[Data below — start]

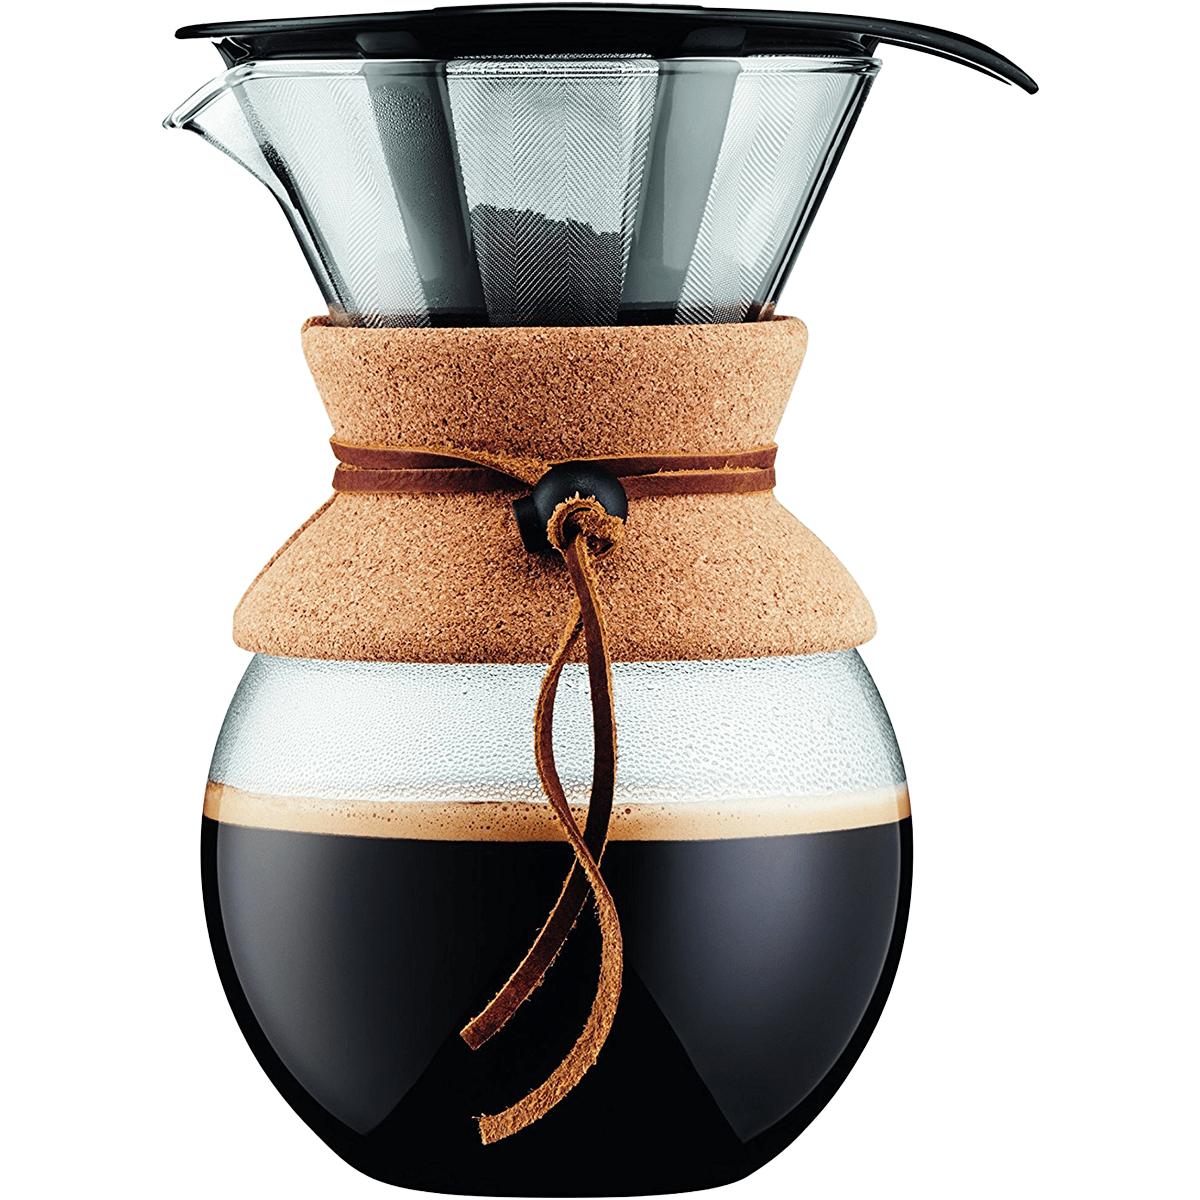 Bodum Cork Series Pour Over Coffee Maker - 34 Oz.
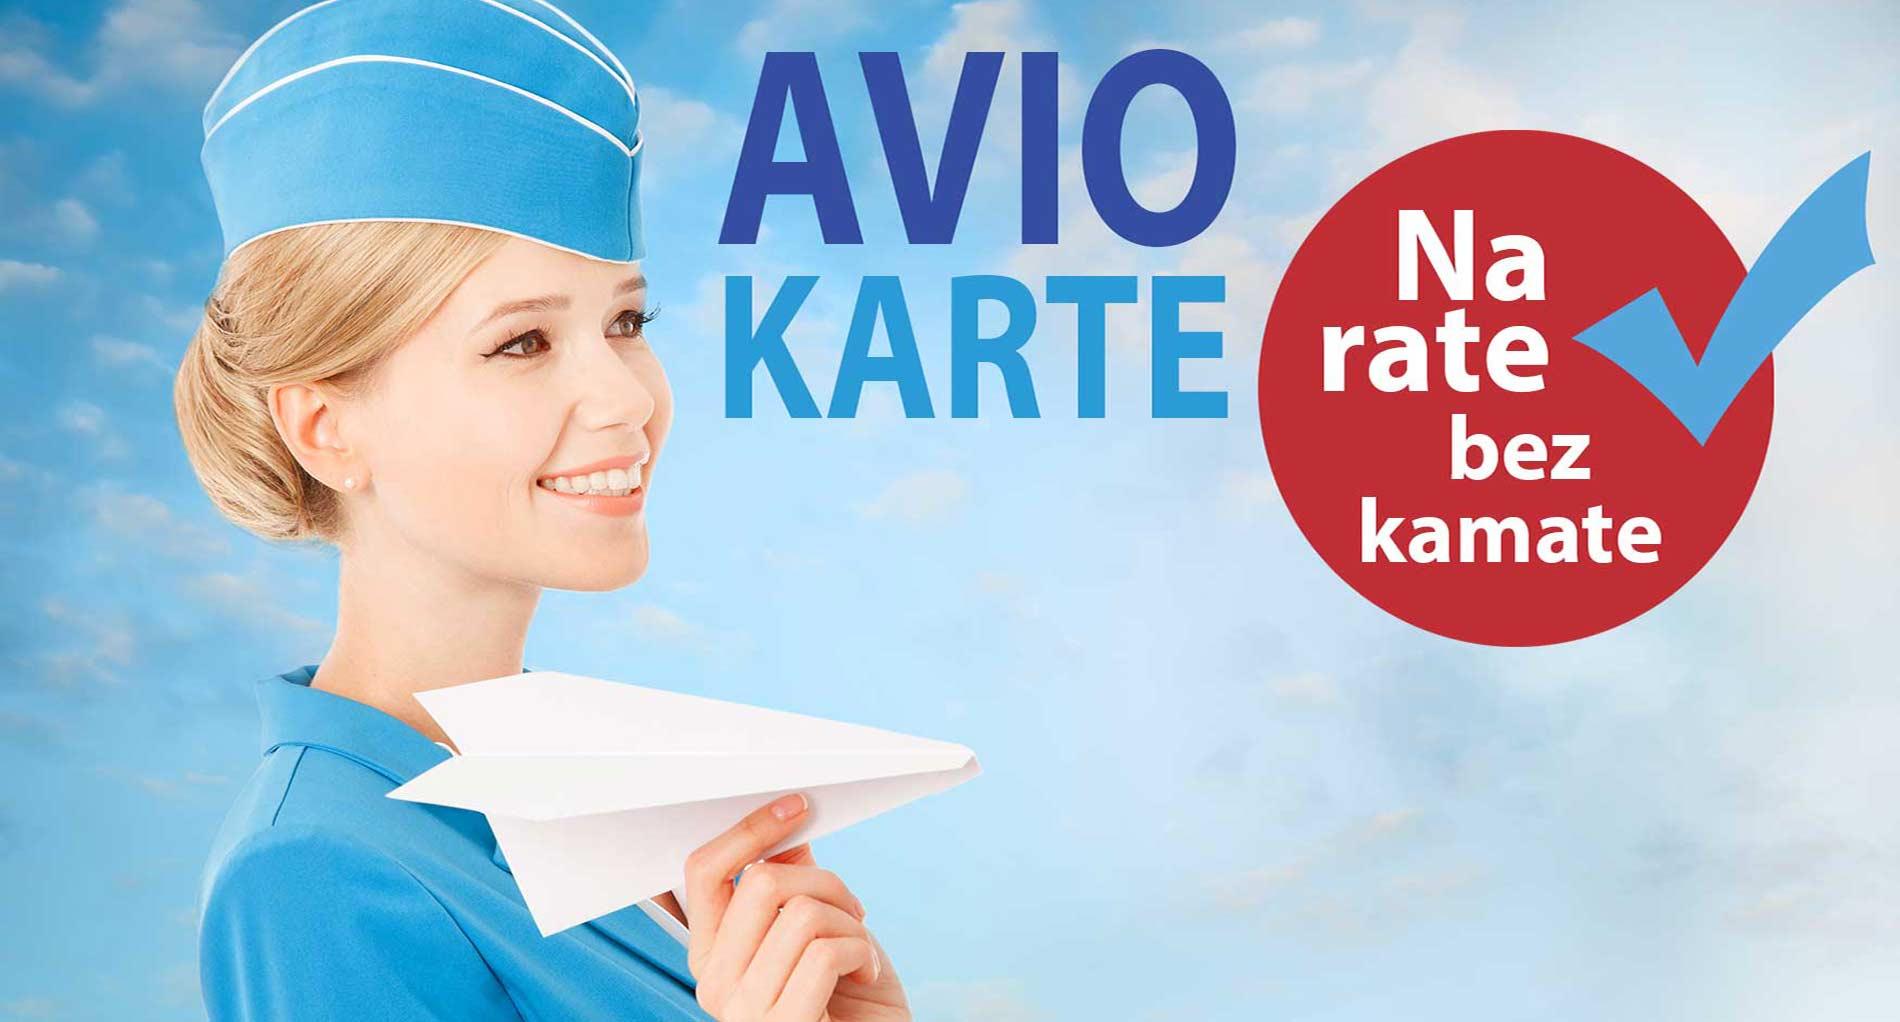 avio-karte-na-rate1
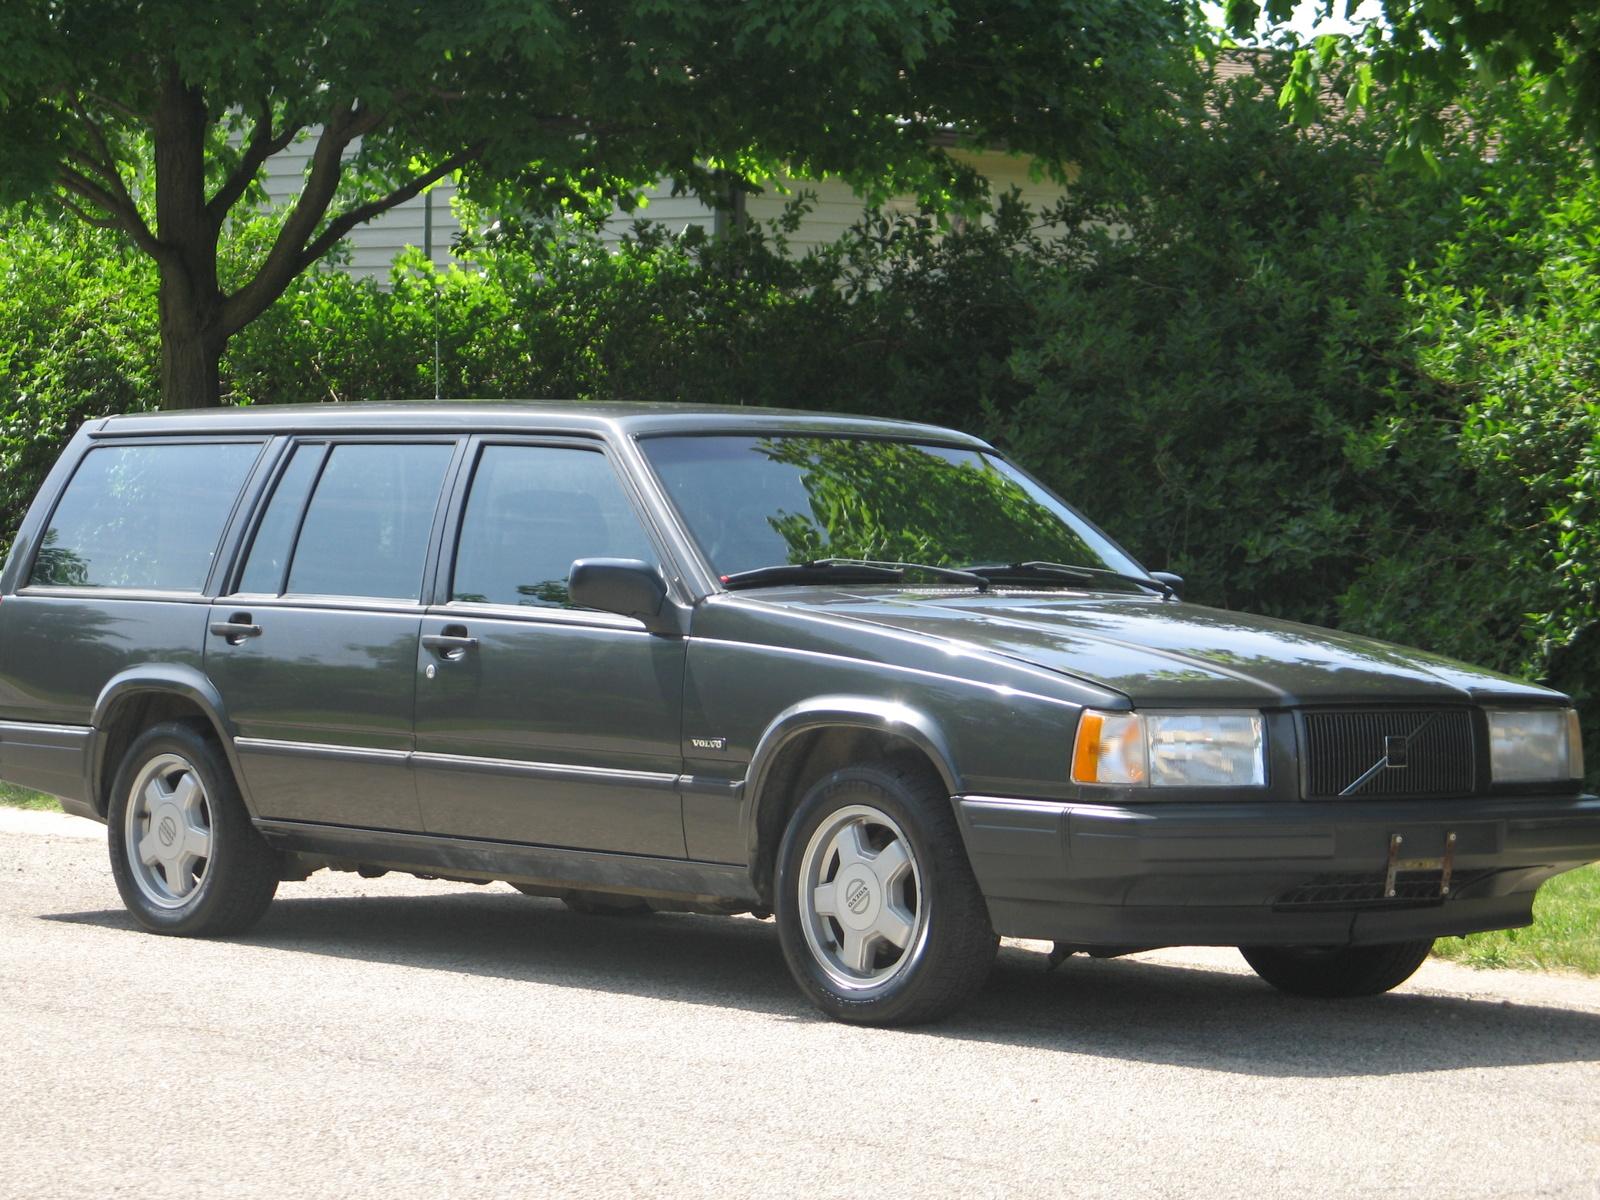 1992 Volvo 740 Turbo Wagon 2018 Volvo Reviews

[Data below — finish]

▶ **Task goal**:
A verbatim rendering of the listing above is required, without any of its pictures.

▶ **Written answer**:
 Bodum Cork Series Pour Over Coffee Maker - 34 Oz.
 avio-karte-na-rate1
 1992 Volvo 740 Turbo Wagon 2018 Volvo Reviews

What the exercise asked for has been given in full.